Ways for wholesale and logistics to leverage technology to improve efficiencies

28 October 2013

Dan Hawker

Dan Hawker

Former Head of Tobacco, Wholesale & Retail

Getting materials and products from point A to point B is integral to any manufacturing process, and often a sore spot for hidden waste and inefficiencies.

This ranges from minimising rising transport costs, due in part to fuel increases and road taxes, to increasing logistical efficiency. Being able to strike a perfect balance between the two is nirvana for many companies. And innovation in logistics and wholesale operations is high on many manufacturers’ agenda.

The logistics-anti-innovation myth

A stigma associated with the logistics industry has been a lack of innovation running through its core. It was reactive to customer’s needs rather than proactive.

A well-known example from the logistics service industry is Federal Express' overnight delivery service for documents and parcels. This innovative service created an entirely new market segment that continues to provide significant profits to Federal Express and benefits to customers. But in technological senses, this couldn’t be further from the truth.

American retailer Walmart improved the efficiency of its private fleet by almost 69 percent last year compared to in 2005. All while increasing delivery of cases to 65 million, while driving 28 million fewer miles. How was this achieved?

The heavier loads have minimal impact on its fuel-efficient equipment, which includes an average tractor age of three years and the addition of more than 13,000 skirted trailers. It also adopted ORTEC Vehicle Routing to optimize routes, while using the same company’s Load Building software to optimize its load building. Other users include global retailers such as Tesco and Carrefour and consumer products companies such as Coca-Cola and Proctor & Gamble.

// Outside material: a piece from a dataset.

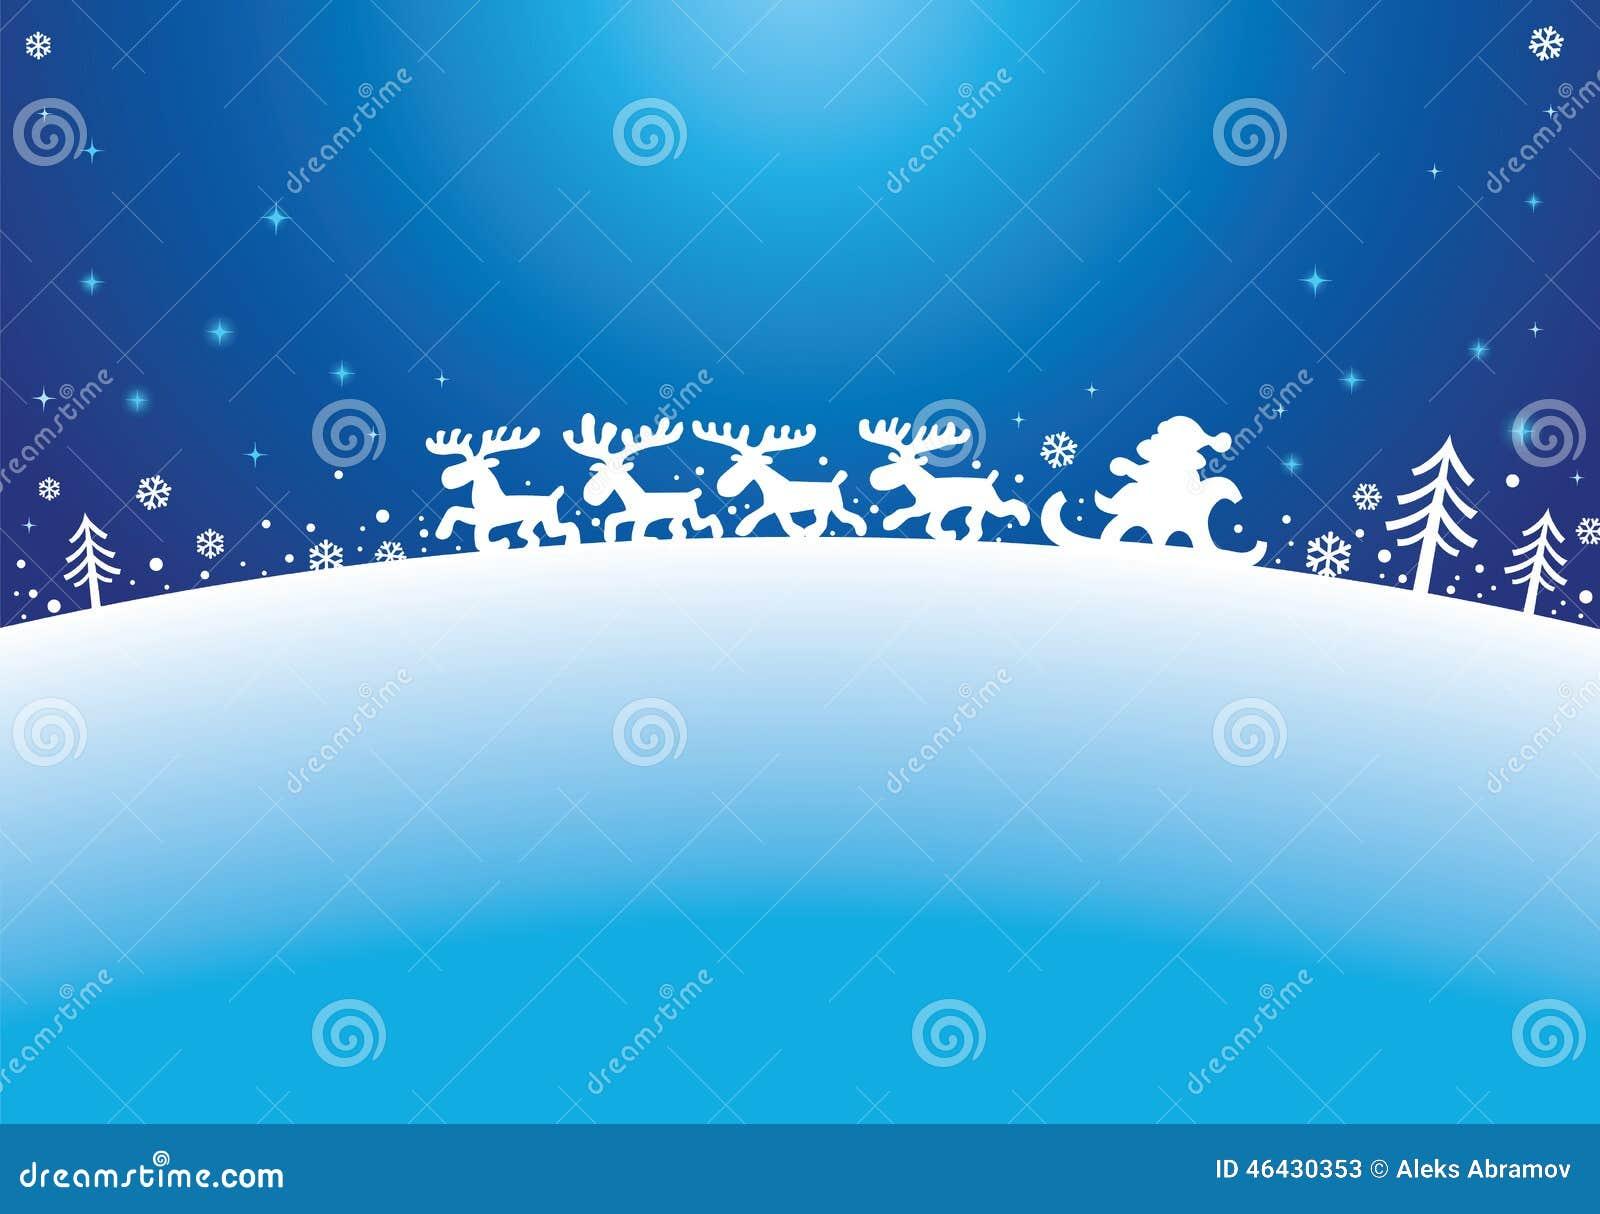 Santa And Reindeers Stock Vector - Image: 46430353
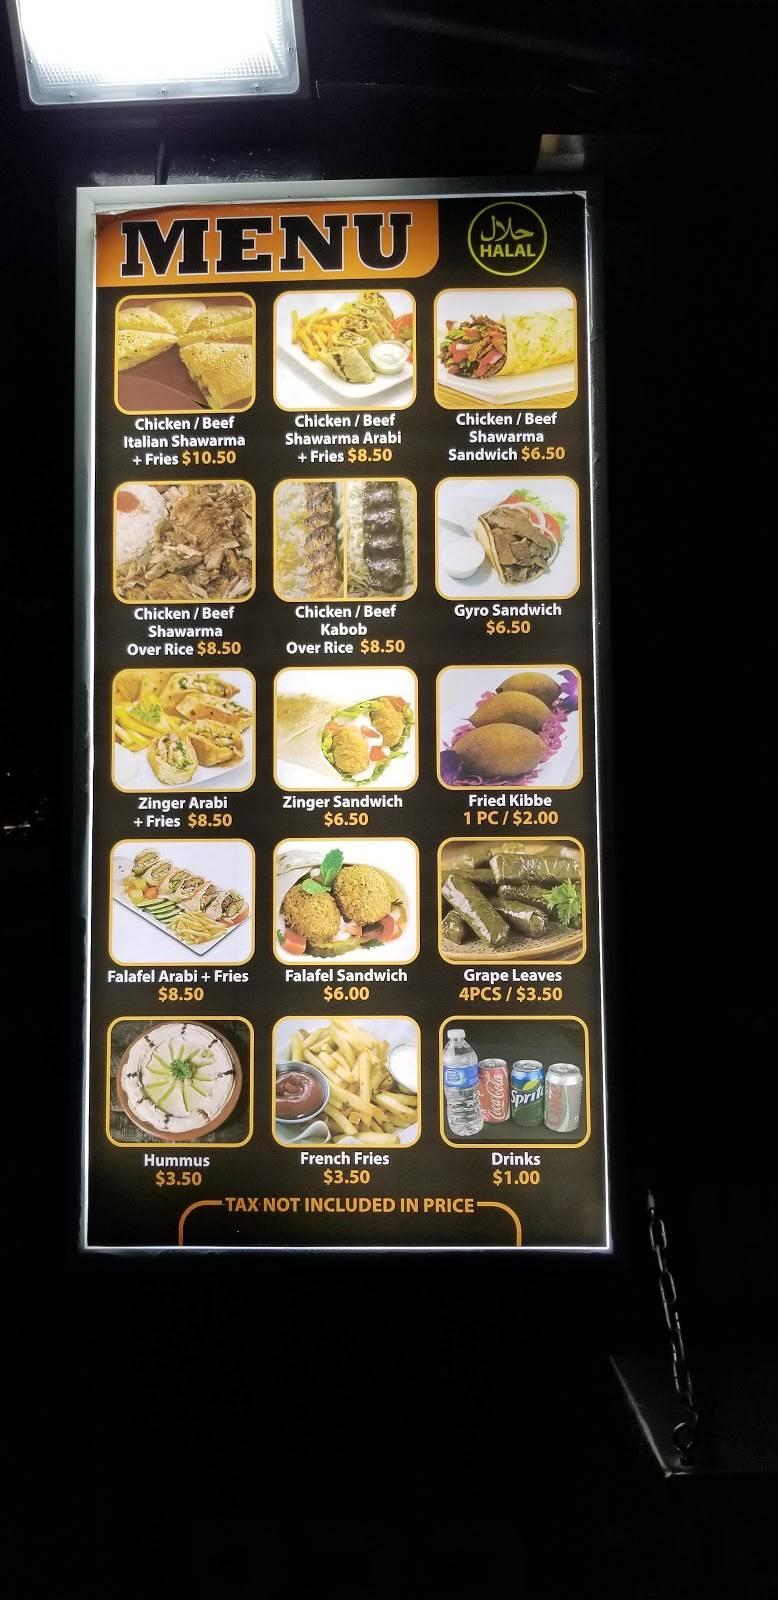 Abu Omar Halal - FM1960 | restaurant | 7725 Farm to Market 1960 Bypass Rd W, Humble, TX 77338, USA | 8323404063 OR +1 832-340-4063

While staying in line with the green agenda, logistics operations have utilised technology to take give added service and make the running of it more efficient. Ultimately, this small but effective move also brings with it agility.

Enhancing the in house setup

So while on the road it is established innovations are happening more in logistics, most UK manufacturers of any scale would have invested in in MRP or ERP systems by now. But it is common for manufacturers to invest in a system which is particularly good for planning manufacturing or is strong in financials.

However, warehouse management is often an afterthought, with manufacturers often still using paper-based picking systems with no or limited automated confirmation processes to track last minute errors. Systems must allow for a common view of stock, and retailers including Aurora, White Stuff and John Lewis are all investing in systems that will support multichannel visibility.

Amazon, the model for customer service innovation which is the envy of all sectors, has set the standard for innovating in its logistics operations. Last year it rolled out its Amazon lockers, offers customers in select locations the option of having their package delivered to an Amazon Locker instead of to their street address. The big logistics firms FedEx, DHL, UPS all missed this as a potential innovation, a small but effective tool towards service enhancement.

Increased supplier communication

In the age of social, web-based communication, retailers are improving supplier communication and transaction processing, helping to cut supply chain costs and bring products to market faster than the competition.

Companies increasing software adoption have seen platforms automate many procedures and relay information about orders to the warehouse, the accounting department and the customer. There are also the added platforms of networks, providing members of logistics chains access to information and applications to support purchase order management, demand forecasting, shipping notices and bar-code label generation.

Another game changing technology to emerge is radio frequency identification (RFID). Its process provides information on a product and its journey through the supply chain. A big innovator this year was Korean tyre manufacturer Kumho Tyres, which in a global first, announced the placing of RFID tags on all Tyre products it manufactures to increase workflow efficiency. It now expects to cut £5.9 million in annual costs in the area of logistics, production and quality control as a result.

What such action proves is that engaging technology will be the big leveller for companies often fighting hard against ever-changing global issues.